As oviductal obstruction is the most common cause of infertility in the women, recently numerous methods such as HSG, SHG and laparoscopy were carried out in the evaluating of oviduct tube patency. The results were shown an elevated correlation between SHG outcome and findings at HSG and laparoscopy (Korell et al., 1997; Strandell et al., 1999). In agreement with this finding, the present study also showed that SIS is useful to evaluate of fallopian tube obstruction. However, some authors have questioned the diagnostic accuracy of SHG in the evaluation of proximal fallopian tube obstruction and pathological conditions related to the fallopian tubes (Hassan et al., 2010).

Despite the increased use of SIS in the study of female infertility, it is therefore generally accepted that SIS cannot completely substitute HSG. However, it should be kept in mind that SIS can minimize diagnostic investigation time. Pain to the patient is also reduced noticeably, as the injector is fed into the cervix only once.
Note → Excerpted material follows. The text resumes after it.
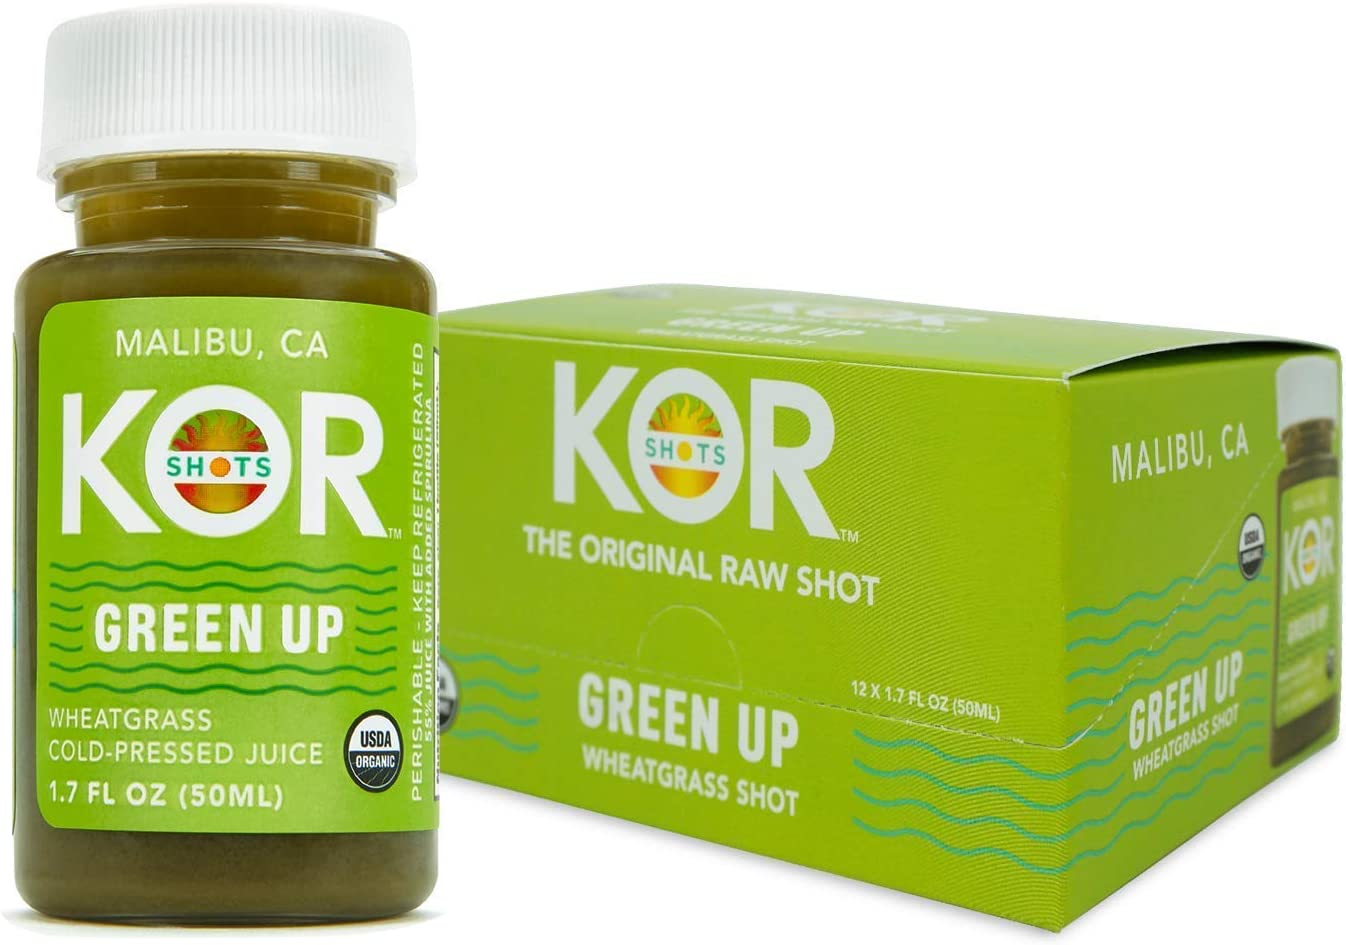 KOR Shots Wheatgrass Ginger Spirulina Shot - 12 Pack x 1.7 Fl Oz - Green Up Shot - Daily Greens Superfoods Shot - USDA Certified Organic

In addition, Sonohysterography is an easy, sensitive and well tolerated diagnostic method. It is not time consuming and does not require anesthesia. Under sterile conditions, it does not lead to infectious morbidity. It can be performed as an outpatient procedure.


In conclusion, we recommend the use of sonohysterography in conjunction with transvaginal ultrasonography for the diagnosis of intrauterine pathologies in infertile patients.


This study was supported by a research grant from the Ahvaz Jundishapur University of Medical Sciences, Ahvaz, Iran.